Die australopithecinen Arten lebten vor ca. 4 Millionen Jahren. Sie gingen aufrecht, hatten große Backenzähne und ein Gehirnvolumen von bis zu 500 – 600 cm3. Die Gattung Homo entstand vermutlich vor ca. 2,5 Millionen Jahren in Ostafrika. Paläoanthropologen vermuten, dass die frühen Homo-Formen aus den grazilen Australopithecinen hervorgingen.

Der Menschentyp Homo war hinsichtlich seines Körperbaus stattlicher als der Australopithecus, sein Gehirn war größer, Kiefer und Zähne kleiner, und Extremitäten und Wirbelsäule ähnelten denen des modernen Menschen. Die Nutzung des Feuers war der größte Fortschritt in der Entstehung des modernen Menschen. Kein anderes Lebewesen auf der Erde versteht es das Feuer zu nutzen. Über die Stufe des Homo heidelbergensis entwickelten sich der Homo neandertalensis und der Homo sapiens.

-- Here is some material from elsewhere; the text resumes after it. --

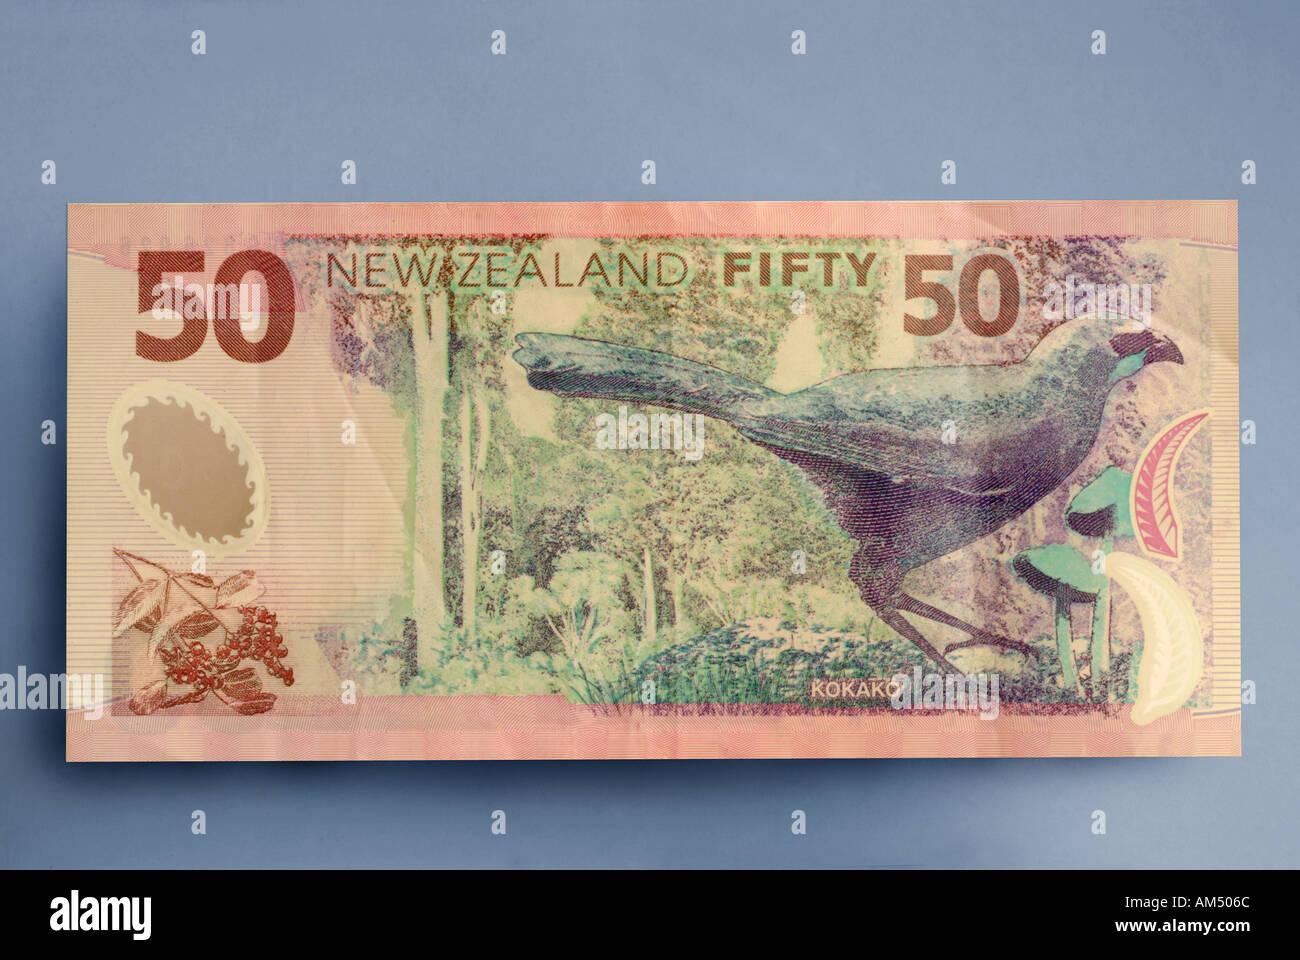 50 dollar bill from New Zealand Stock Photo: 1331307 - Alamy

Die Neandertaler hatten ein Gehirnvolumen, das mit bis zu 1800 cm3 größer war als das des Homo sapiens und des Jetztmenschen.

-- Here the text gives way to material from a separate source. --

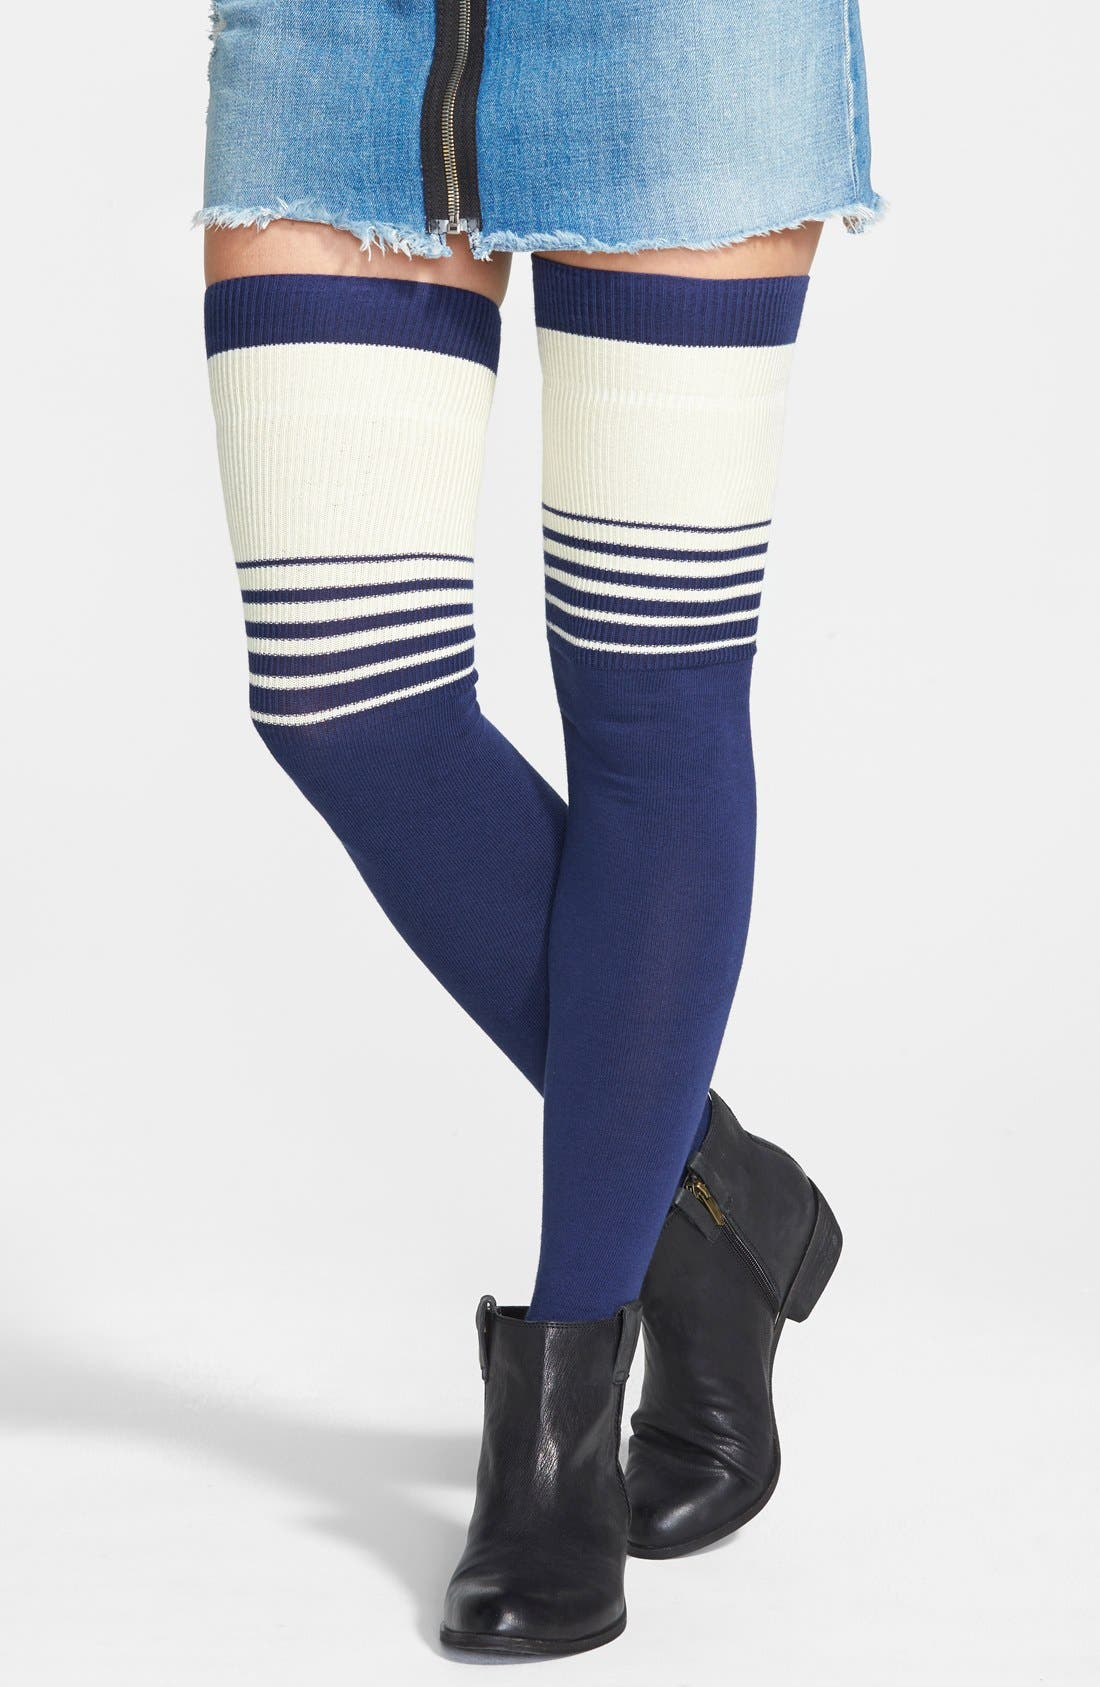 Main Image - Free People 'Bowlers' Thigh High Socks

Die Neandertaler besaßen eine hohe Werkzeugkultur (Mousterien), eine komplexe Sozialstruktur und betrieben die Großwildjagd. Sie überlebten auch unter kalten, unwirtlichen Bedingungen, z. B. im Hochgebirge sowie in Gletschernähe und wurden 30 – 40 Jahre alt. Sie bestatteten ihre Toten und sollen die Gräber mit Blumen bestreut haben.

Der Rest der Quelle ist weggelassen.